Not the MOT, that went perfectly fine without a hitch. No, this is an even WORSE fail, but still somewhat MOT related.
While I was at the MOT I get a call from some agent that usually only contacts me with jobs that pay over a thousand quid for like a day or two work. So I'm carefully paying attention to what the MOT guy is up to in case he tries to pull a fast one on me or something, and trying to talk to this agent about a potential job.
The agent asks me if I can go to a casting in London bright and early tomorrow morning, and I say yes.
They say whatever it is it's filming on Monday, so I say yes that's fine.
(still distracted trying to keep an eye on the MOT doings)
The agent mentions some other shit I didn't quite catch and I just say yeah, yeah, yeah, I'll be there, whatever, just email me the details and I'll check it when I get indoors because I'm busy at the moment but go ahead and put me down for it.

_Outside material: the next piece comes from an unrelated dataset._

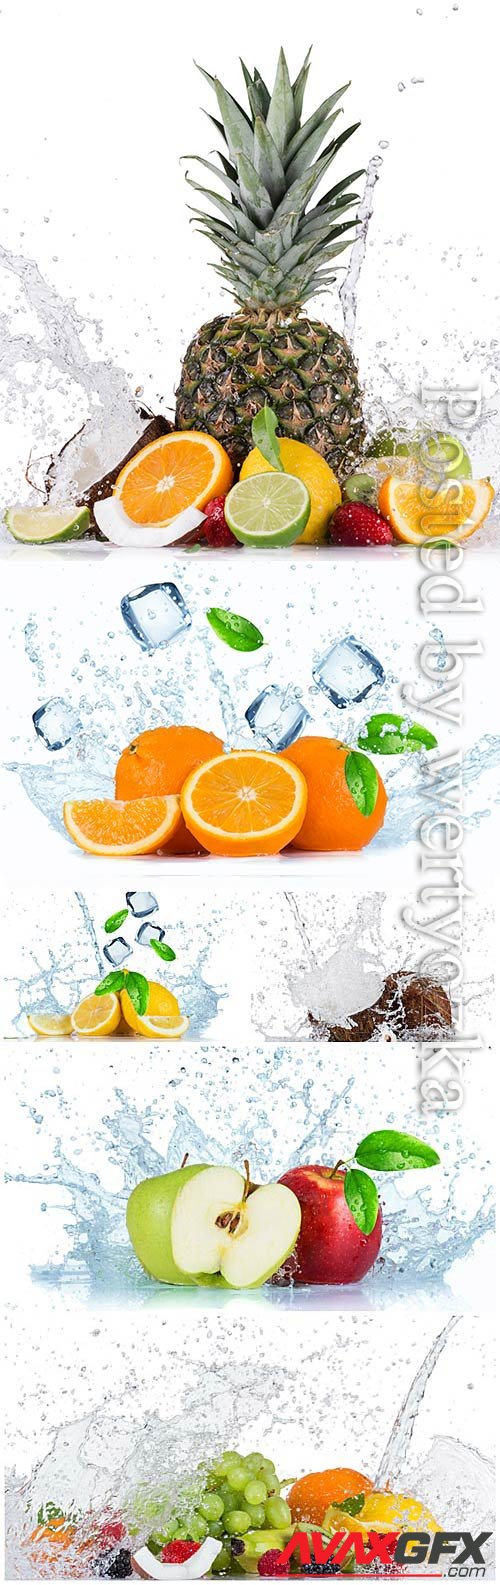 Fruits and berries with slices of lbda and splashing water stock photo

Then the agent says "...and wear something you can DANCE in".
WHAT?! ME wear SOMETHING I can DANCE in?? What the fuck??
So I get the MOT sorted out and hurry home to check my email to see what the fuck I've let myself in for.
The upshot is that I have to be at PINEAPPLE BLOODY DANCE STUDIOS tomorrow to audition for DANCING in some bloody music video for somebody I've never even heard of and won't dare mention here.
I think you can all see the problem with this picture.
Me, DANCING? What the holy FECK- who on Earth did they think they were talking to on the phone? And it only pays £200 anyway even if I got the job, which would never happen in a million years because THIS hairy old fart certainly does NOT "dance". Imagine the horror. Imagine the mental scarring. Imagine the carnage. Even the thought of it gives me the frights. Who fecking thought it was a good idea to phone ME up for a DANCING job?
FAIL, FAIL, FAIL, FAIL, BLOODY FAIL!
I can't really turn this down because I already said I'd be there before I even knew what it was and it would piss the agency off and I need to keep them sweet for future jobs, but I can certainly make sure they don't even consider me at the casting.
So naturally I'm going to show up in a Russian army coat and an old ratbike shirt, with clonky boots, unshaven and reeking of cheap scotch, and promptly begin going through their bins and scratching my arse a lot. Think the Jethro Tull "Aqualung" album cover.